CANCIÓN DOLORIDA DE ADVIENTO

P. Eduardo Sanz de Miguel, o.c.d

 

1. Despertad.

 

Son las 5 de la mañana y la ciudad duerme. De vez en cuando se escuchan las voces de grupos de adolescentes que regresan a sus casas, totalmente despreocupados de los que intentan descansar. Algún vehículo atraviesa las calles y deja oír durante unos segundos la música bacalao a todo volumen o los pitidos del claxon.

 

Vienen a mi pensamiento las palabras que san Pablo dirige a los cristianos de Roma:  «Conocéis el tiempo que nos ha tocado vivir. Ya es hora de despertaros del sueño, pues nuestra salvación está ahora más cerca de nosotros que cuando empezamos a creer. La noche está muy avanzada y el día se acerca. Despojémonos de las obras de las tinieblas y revistámonos de las armas de la luz. Portémonos con dignidad, como quien vive en pleno día. Nada de comilonas y borracheras; nada de lujuria y libertinaje; nada de envidias y rivalidades. Por el contrario, revestíos de Cristo, el Señor...» (Rm 13, 11-14). «Conocéis el tiempo que os ha tocado vivir», dice el apóstol. A nadie se le oculta que en nuestra sociedad neopagana gran parte de la población vive de noche y duerme de día. Durante la noche se entrega desenfrenadamente a lo que san Pablo condena tajantemente: «comilonas, borracheras, lujuria, libertinaje...». Y durante el día está demasiado cansada para pensar en cosas trascendentales, como el sentido de la vida.
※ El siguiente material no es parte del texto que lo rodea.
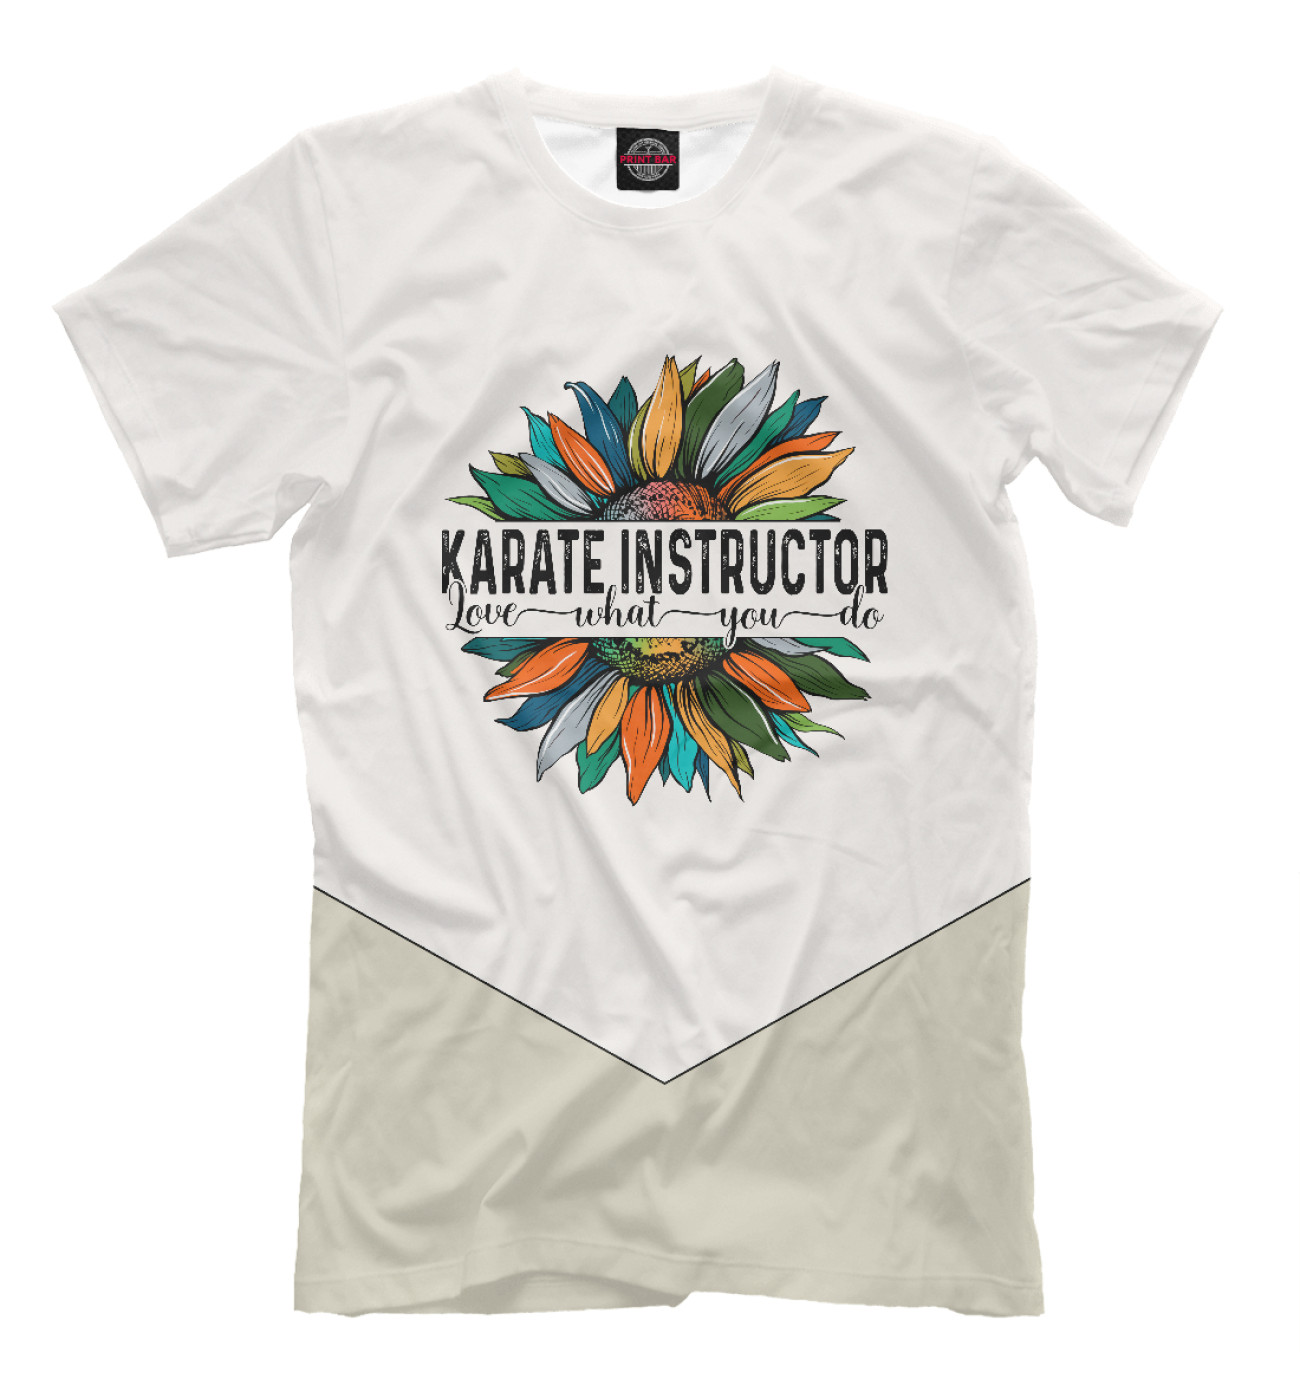 Мужская Футболка Karate Instructor Love What, артикул: KRT-522917-fut-2

Curiosamente, esas frenéticas actividades de la noche, realizadas en la oscuridad o entre luces artificiales, son para el apóstol imágenes del sueño que embarga al hombre cuando vive de espaldas a su vocación original. Por eso nos invita a despertarnos y a dejarnos iluminar por Aquél que viene para salvarnos.

 

Si lo pensamos bien, todos vivimos un poco adormilados. También los que pasamos la noche en casa y de día vamos a la Iglesia. ¿Quién puede afirmar que nunca se deja tentar por las comilonas y borracheras, por la lujuria y el libertinaje, por las envidias y rivalidades? A cada uno le aprieta el zapato por un sitio, pero nadie está totalmente libre del pecado. De hecho, san Pablo no escribe este texto para los paganos, sino para los cristianos. No para los que desconocen a Cristo, sino para los creyentes. A nosotros nos recuerda que «nuestra salvación está ahora más cerca que cuando nosotros empezamos a creer». Esto significa que aún no estamos totalmente redimidos, que la obra de la salvación ya ha comenzado en nosotros, pero aún no ha llegado a su plenitud.

 

Alguno podrá objetarme: pero entonces, ¿para qué ha venido Cristo? ¿No decimos que Él ya nos ha salvado, ya ha vencido al pecado y a la muerte, ya nos ha otorgado la vida del cielo? Esto es verdad, pero nosotros, que vivimos en la historia, hemos de introducirnos de una manera progresiva en esa salvación que Cristo ya nos ha conquistado, y que nosotros todavía no hemos terminado de acoger personalmente. En este sentido, mientras vivimos esta existencia mortal, siempre estamos en peligro de equivocar el camino, de permitir que las tinieblas ofusquen nuestros pensamientos, de perder las ilusiones, de cansarnos de esta luz que siempre nos exige más y nos invita a no darnos nunca por satisfechos.

 

San Pablo nos recuerda que en nuestra propia vida personal el día está más cerca que cuando empezamos a creer. Cristo, verdadero «sol que nace de lo alto» y «luz del mundo» es el «día» que está cerca de nosotros, a nuestra puerta, llamando con insistencia. Si se nos invita a despertarnos del sueño, es para que podamos descubrir la claridad del que nos trae la salvación, para que podamos acoger la Vida que se nos ofrece. Nuestro peligro está en tener los sentidos embotados, en permanecer adormilados e insensibles y dejar perder –una vez más- la oportunidad que se nos ofrece.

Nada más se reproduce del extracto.